Faço filmes para refletir o país onde vivo, mas eles sofrem, sim, uma censura. É a censura da burocracia, pois se criou uma indústria virtual no Brasil. De um lado, há uma briga pelo poder entre os que não têm tela, divididos entre associações. Do outro, existem pessoas que encontraram um caminho de sobreviver fazendo comedinhas. Mas a questão é: o cinema brasileiro só vai ser uma indústria, de verdade, quando os administradores públicos, leia-se Ancine e secretarias de Cultura, perceberem que 90% do circuito exibidor estão nas mãos dos americanos. (BIANCHI, 2013b)

d) Conclusão
            Além da teoria da História, de Benjamin e Le Goff, e a teoria do cinema, de Xavier, o artigo trouxe à discussão um pouco da teoria psicanalítica[2] lacaniana para abordar o teor "insólito", que podemos chamar aqui de um estilo de linguagem, muito recorrente na obra de Bianchi. Este teor ou estilo de linguagem, abordado através da psicanálise, é aqui entendido, como uma ferramenta para transmitir as contradições do comportamento humano com o discurso vigente do politicamente correto.
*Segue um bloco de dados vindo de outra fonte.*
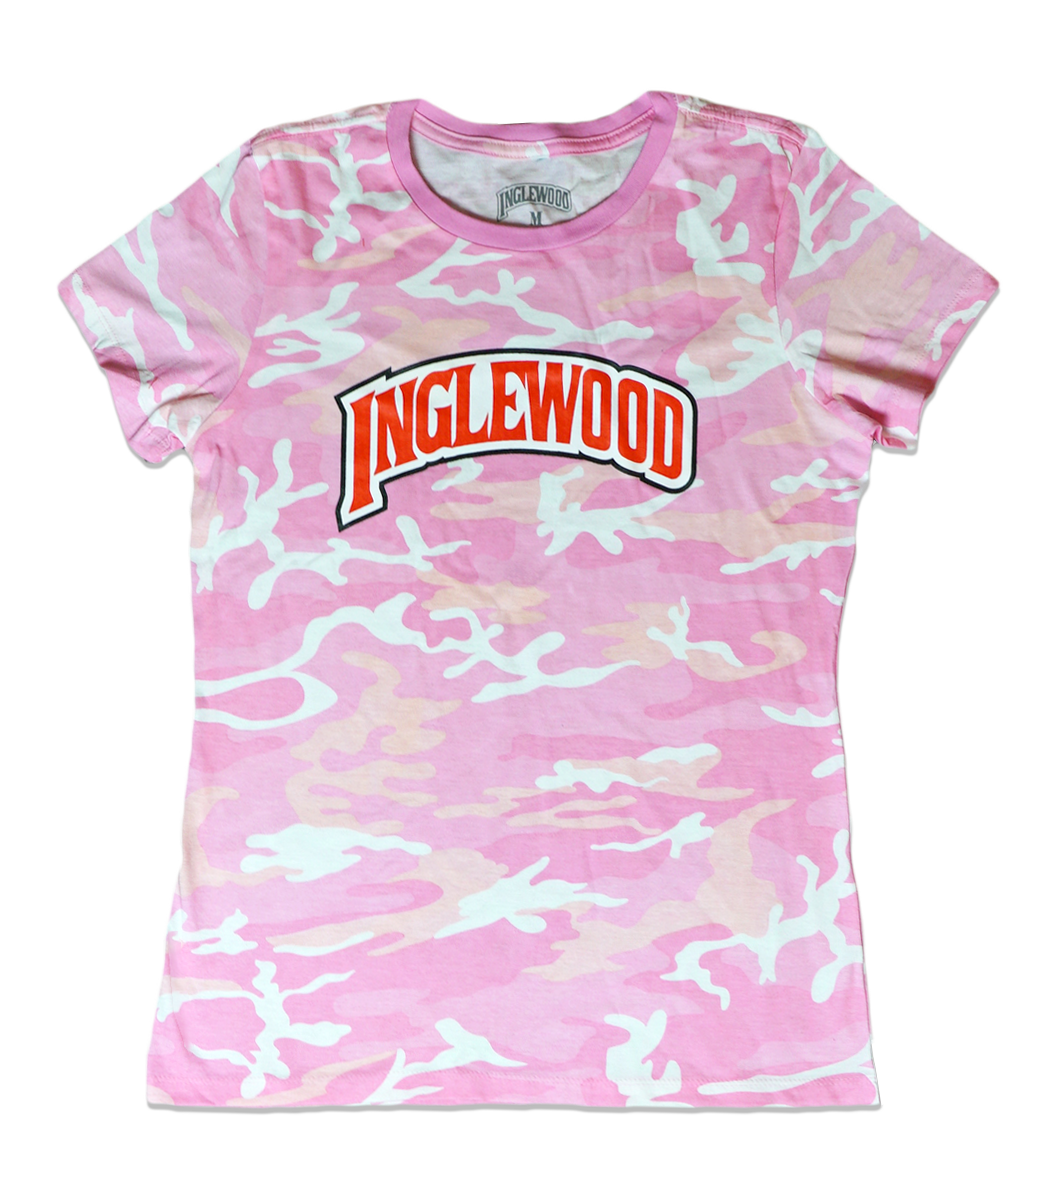 Gucci Women's Shirt - Pink - M

A certa altura, o filme faz referência, quase direta, às concepções de pulsão de morte e sentimento de culpa, como descritas no clássico de Freud, Mal-estar na civilização, remetendo-nos à incoerência que pode ser observada nas pessoas que "se policiam para não serem violentos e não terem pensamentos violentos, mas que, no fundo, estão apenas esperando um líder que legitime a caça ou o extermínio do diferente. Que reestabeleça a ordem. Uma energia antiga do ser humano." (Silvio)   
            Os pontos mostrados neste artigo tiveram a intenção de refletir sobre o cinema como uma forma de documentação histórica, tendo se preocupado mais com o conteúdo do que com a forma, mirando, principalmente, em sua relação com o primeiro filme de Bianchi, Maldita Coincidência (1979), e com o personagem Jairo - interpretado por Paulo César Pereio - que este artigo entende como o personagem com maior identificação com o diretor do filme. No entanto, como diz Bianchi em entrevista, cada personagem criado para o filme "representa uma forma de pensar. Cada um é um carteiro, que dá uma mensagem. Silvio vive o mais inflamado. Mas não sou eu. Eu virei um conservador." (BIANCHI, 2013b)
            Há ainda outras crítica e outros personagens que não apareceram neste artigo. Podemos destacar, por exemplo, a jornalista que, ao fazer uma reportagem sobre pessoas que fumam crack nas ruas de São Paulo, demostra compaixão especial por uma moça, dentre os consumidores da droga, branca com a aparência de ser da classe média. Ou seja, Bianchi tenta mostrar como a sociedade tende a ficar mais chocada e tocada ao ver uma pessoa, que "teria" um futuro promissor, usando droga, do que quando se depara com o simples e conhecido mendigo, pobre e de descendência negra (afrobrasileiros, para ser mais correto), na mesma situação. Quanto aos outros personagens, pode ser útil destacar, também, que alguns dos atores que trabalham em Jogo das decapitações (2013) atuaram também em Maldita Coincidência (1979), podendo funcionar tanto como outro exercício de autorreferência, como para enxergarmos os desdobramentos da história. Assim como é dito que o personagem Vincent Vega, vivido por John Travolta, em Pulp Fiction (Quentim Tarantino, 1994), é Tony Manero, muitos anos depois, também vivido por John Travolta, em Embalos de Sábado á Noite, podemos pensar que o personagem que aparece em Maldita Coincidência (1979), instruindo-nos a preparar o Coquetel Molotov, pode ser hoje o senador Siqueira, de Jogo das decapitações (2013), ambos interpretados por Sérgio Mamberti, exatamente como vemos hoje no Brasil: os "terroristas" de ontem são os políticos de hoje.

REFERÊNCIAS

BENJAMIN, Walter. "Sobre o conceito da História". In: BARRENTO, João (Org. e Trad.). O anjo da história. Belo Horizonte: Autêntica Editora, 2012.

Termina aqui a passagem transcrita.